As a 20-year resident of Bayside, I have observed firsthand the impact of having a concentration of services located in this small area of Portland. I was selected by the City Council to serve on the 2012 Task Force to End Homelessness.

While I did not agree with all of the task force’s conclusions, I did concur that a concentration of services in Bayside is to be avoided and that shelters need to be spread out over the entire city. Bayside has the teen shelter, the family shelter, the Oxford Street Shelter, the Preble Street overflow shelter, the Preble Street courtyard and the Preble Street soup kitchen. These facilities’ impact upon Bayside is staggering. We have more calls for service by far than any other part of Portland.

Thirty or so years ago, the city agreed to welcome everyone who needed shelter.

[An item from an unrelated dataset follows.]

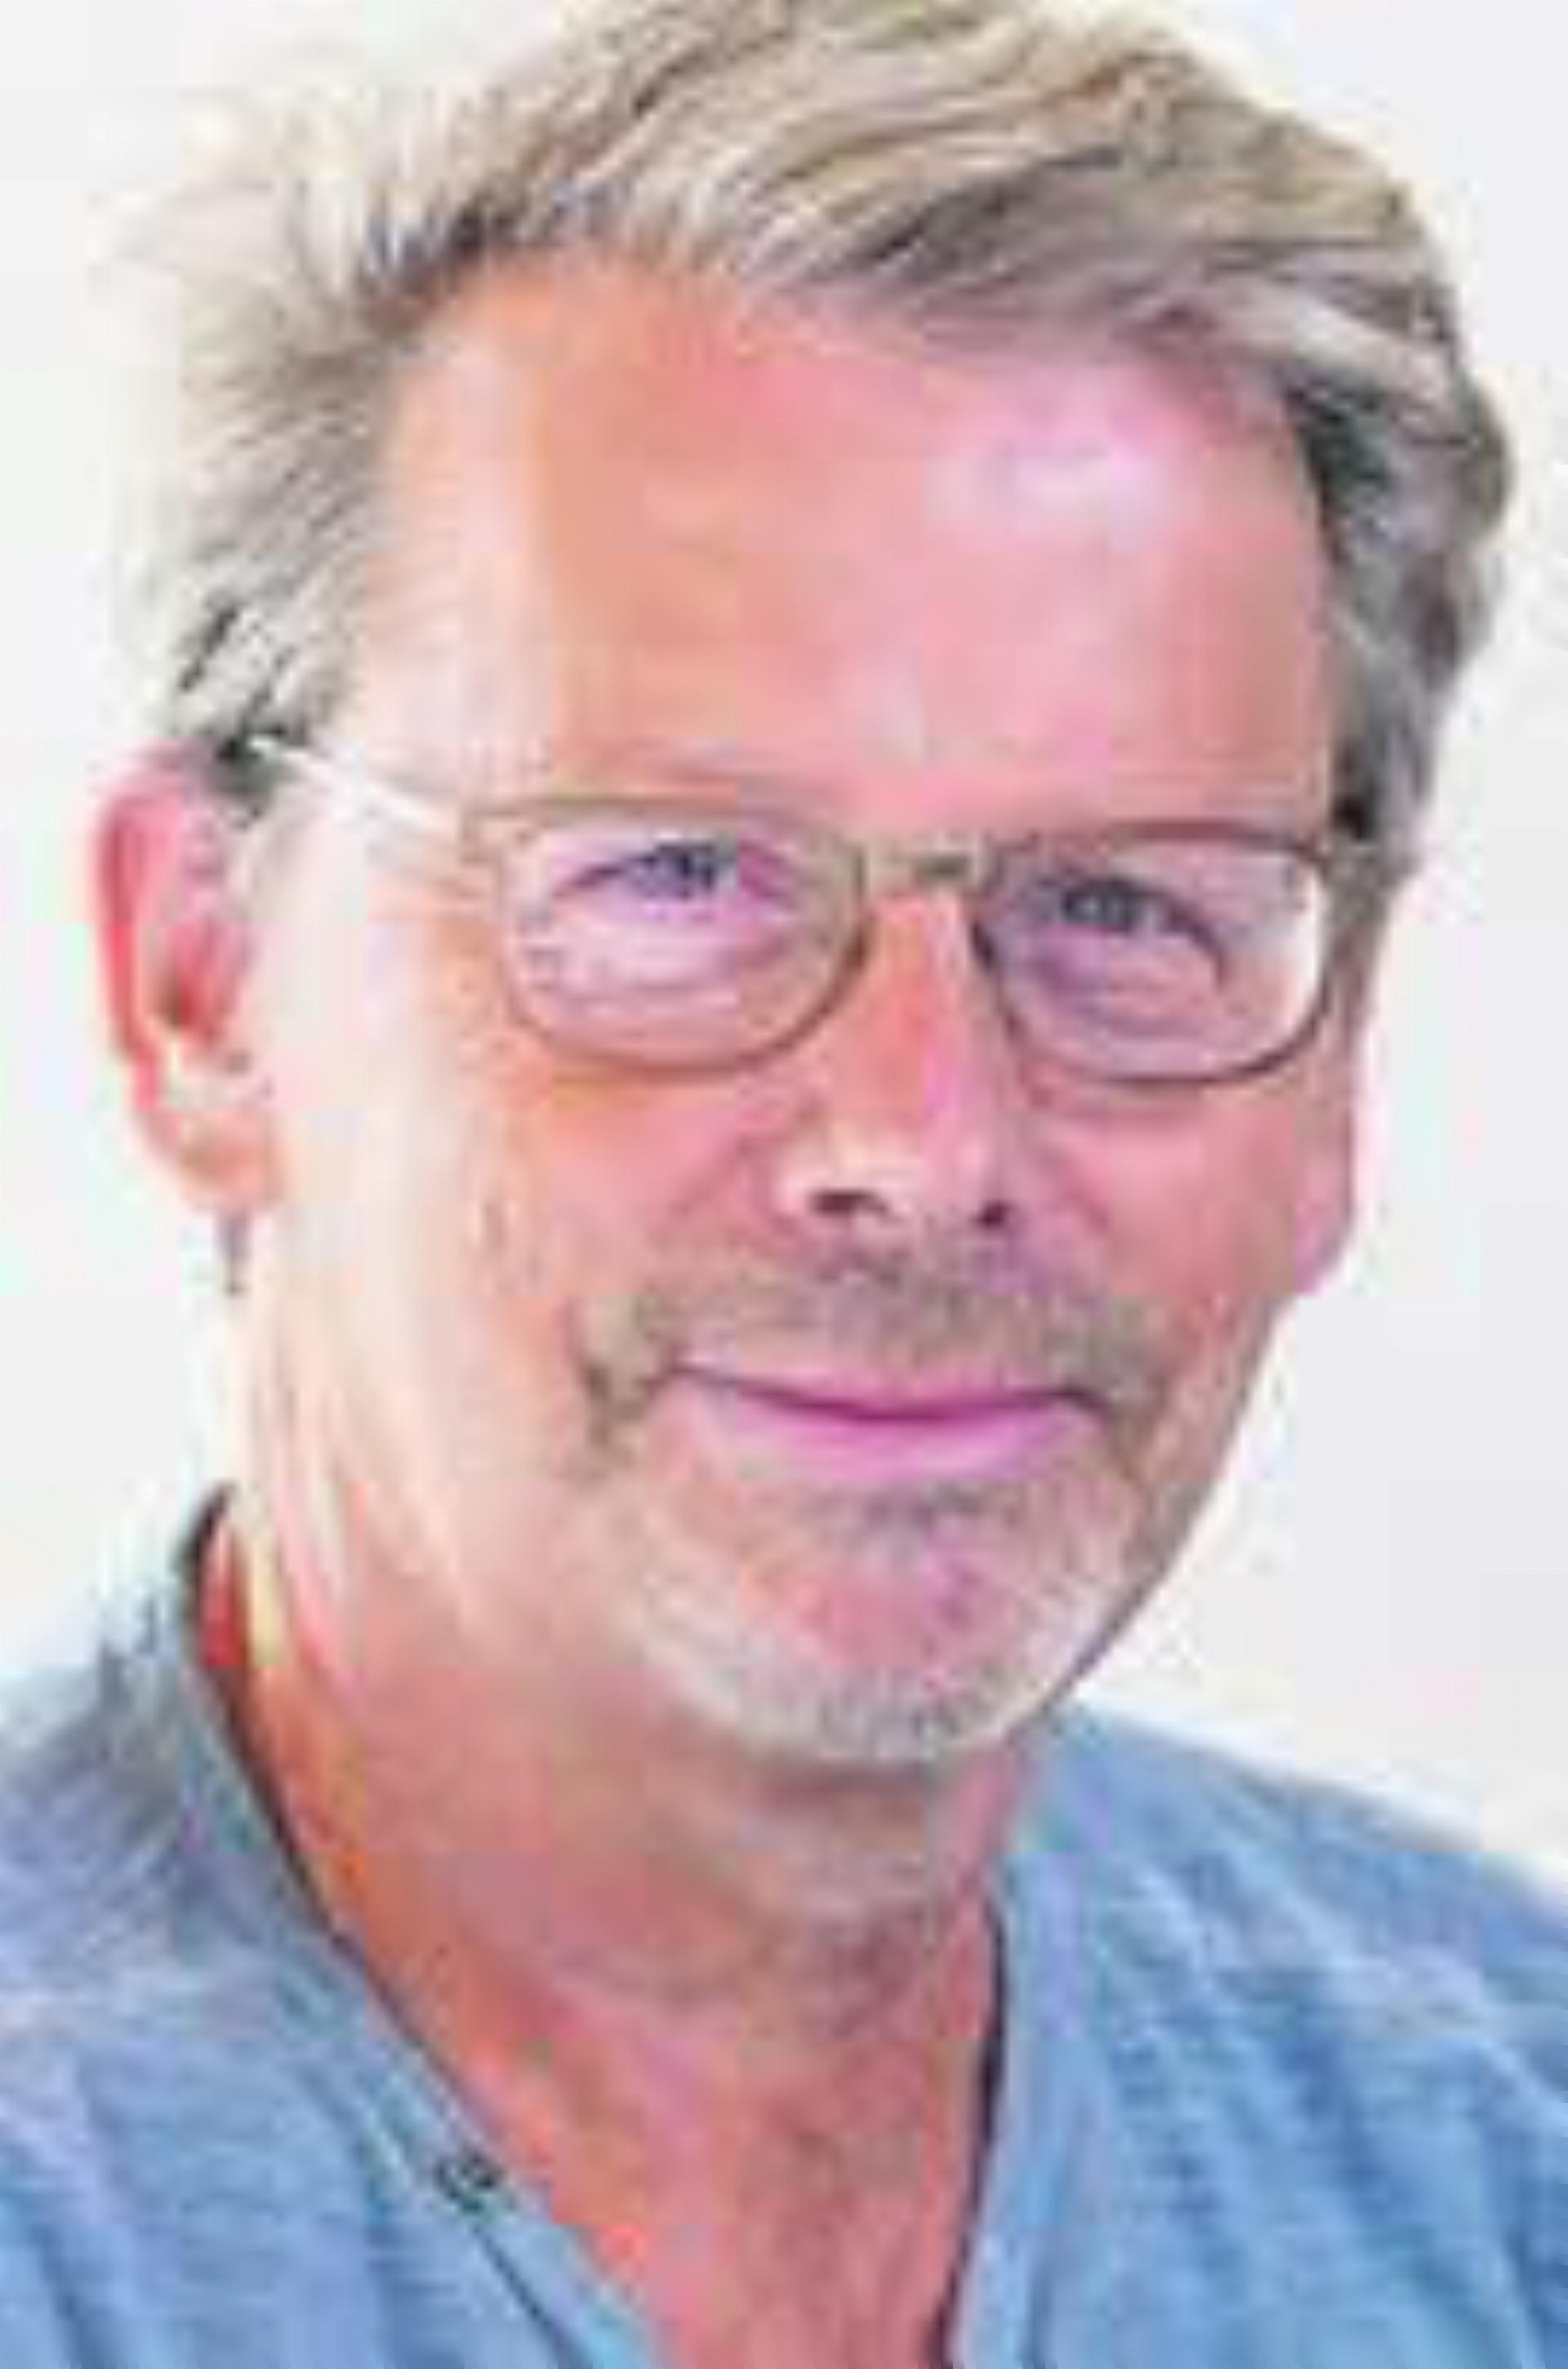 Chregi Hansen, Redaktor.

As a result Portland has become a haven for the homeless, with many communities in Maine and even, I’ve heard, in other parts of the country giving away bus tickets to Portland as a means of addressing their own homelessness issues. Besides not being sustainable, this victimizes the homeless by separating them from family and friends.

The city must continue to develop specialty shelters with partners, build a larger shelter in Riverton with on-site services and establish a women’s shelter – but on a small scale and in a place where women can feel safe from predators and abusers.

The city manager and City Council have taken positive steps, but now is the time to stop kicking the can down the road. The council should select the only viable option – city-owned land in Riverton – and install the necessary transportation system and other infrastructure needs. This is a step on the road to solving the crisis of homelessness in Portland.